The present study showed that the majority of an “early diagnosis” adult untreated CD patient group (with so-called non-classical presentation) in the Netherlands, had at least one, and often several, serum vitamin or mineral deficiencies at diagnosis. Almost 90% of CD-patients were found to be deficient in at least one or more of the assessed nutritional parameters, and half of patients were deficient for two or more nutritional serum variables. This was observed to be unrelated to severity of clinical presentation, nutritional status or (semi-quantified) histopathological damage (score).
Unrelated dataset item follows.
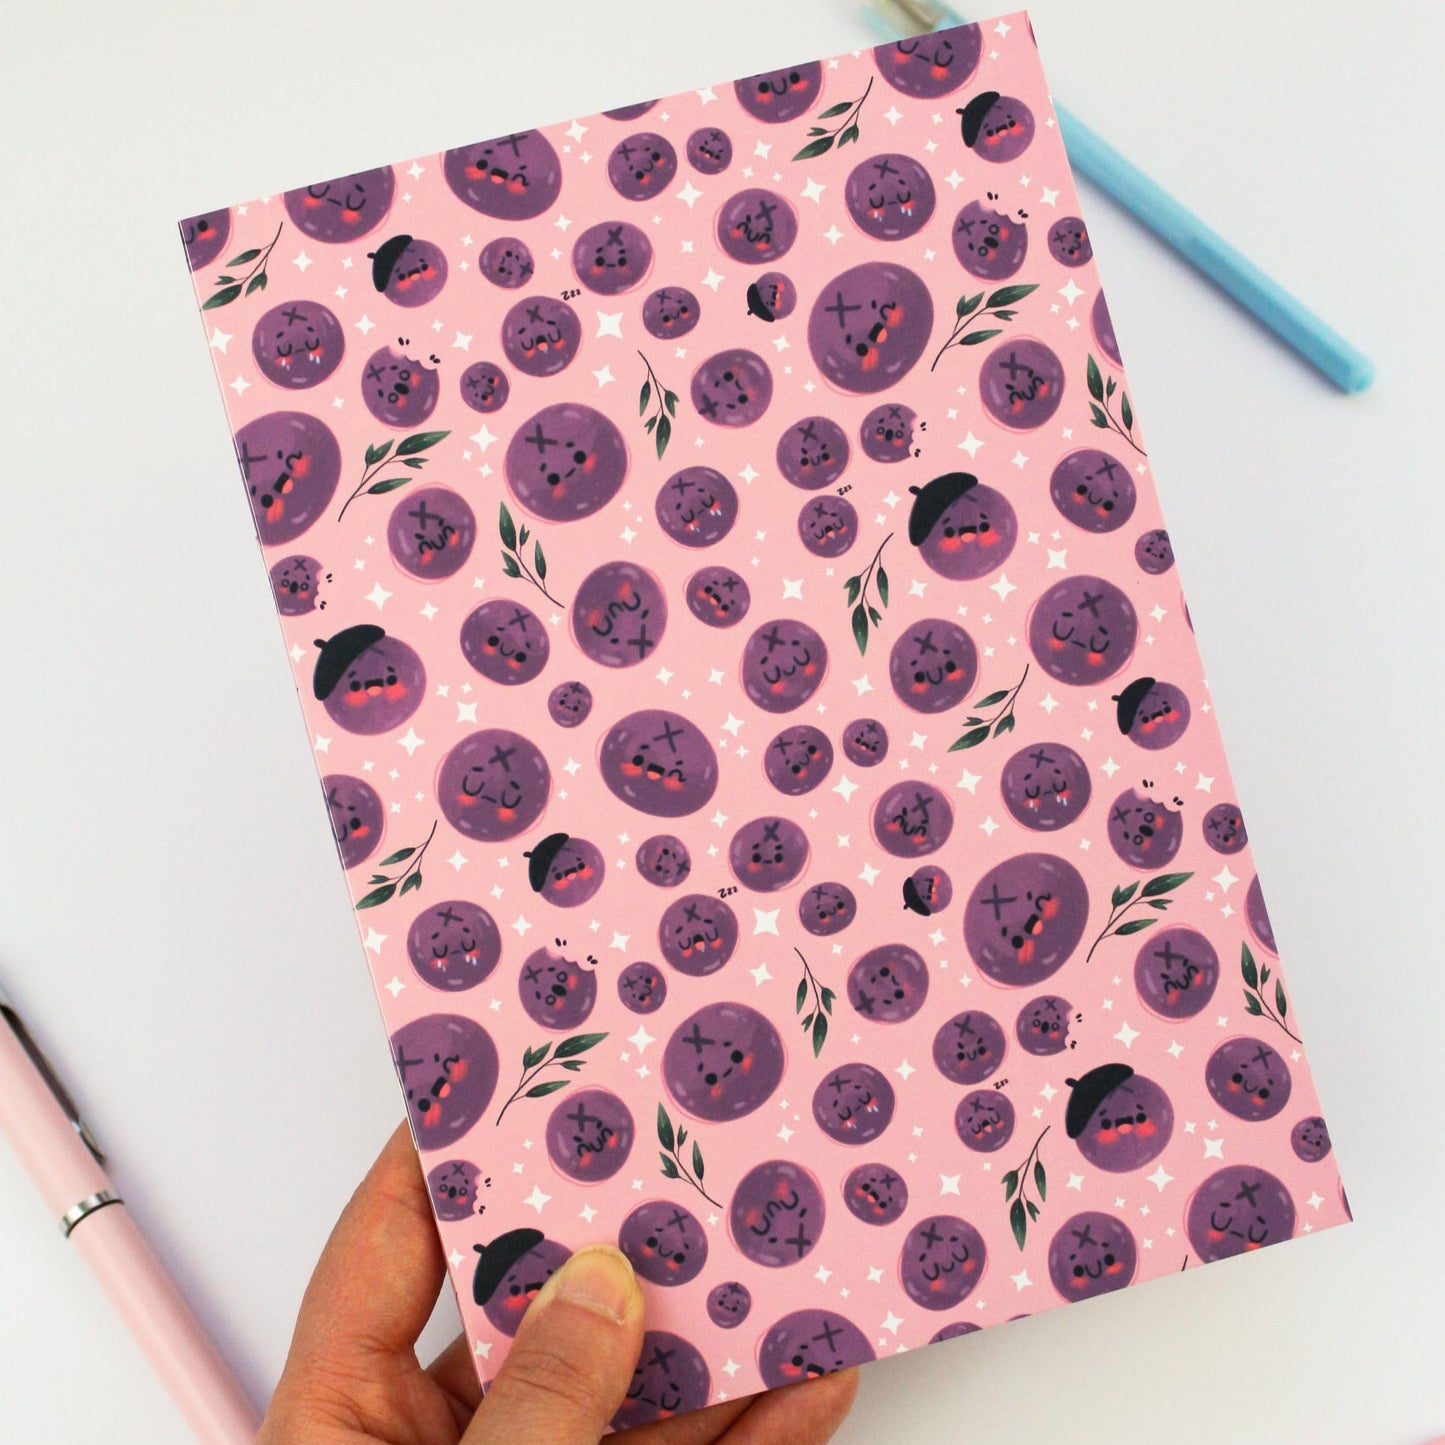 Blueberry notebook - Summer Stationery gift

In this study, no statistically significant difference in serum vitamin and mineral concentration was found between men and women, although (multi)vitamin use prior to diagnosis was more prevalent in women than men (30% vs. 13%). Information is lacking whether they took the vitamins at their own volition, or if they were prescribed by the general practitioner. In addition, the assessed serum deficiencies were independent of Marsh stratum (Table 4), nutritional status (Table 5) and age (data not shown). Folic acid deficiency was observed in 20% of the untreated CD-patients in this study. The prevalence of folate deficiency varies from 18% to 90% in varying older and newer reports of CD-patients [17,18,24,26]. In studies from Scotland and Finland, folate deficiency was reported in 42%  and 37%  of the untreated CD-patients, respectively. The difference in prevalence might at least partially be explained by technical aspects of measurement of “folate” (which is the natural form of folic acid) and “folic acid” since bioavailability of folic acid is twice that of folate . Macrocytic anaemia in untreated CD-patients is usually caused by folate deficiency. In two large European studies, anaemia, mostly attributed to malabsorption, was reported to be present in 20%–34% of untreated CD-patients [20,30]. This corresponds with our results in which 25% of the CD-patients suffered from iron-deficiency anaemia.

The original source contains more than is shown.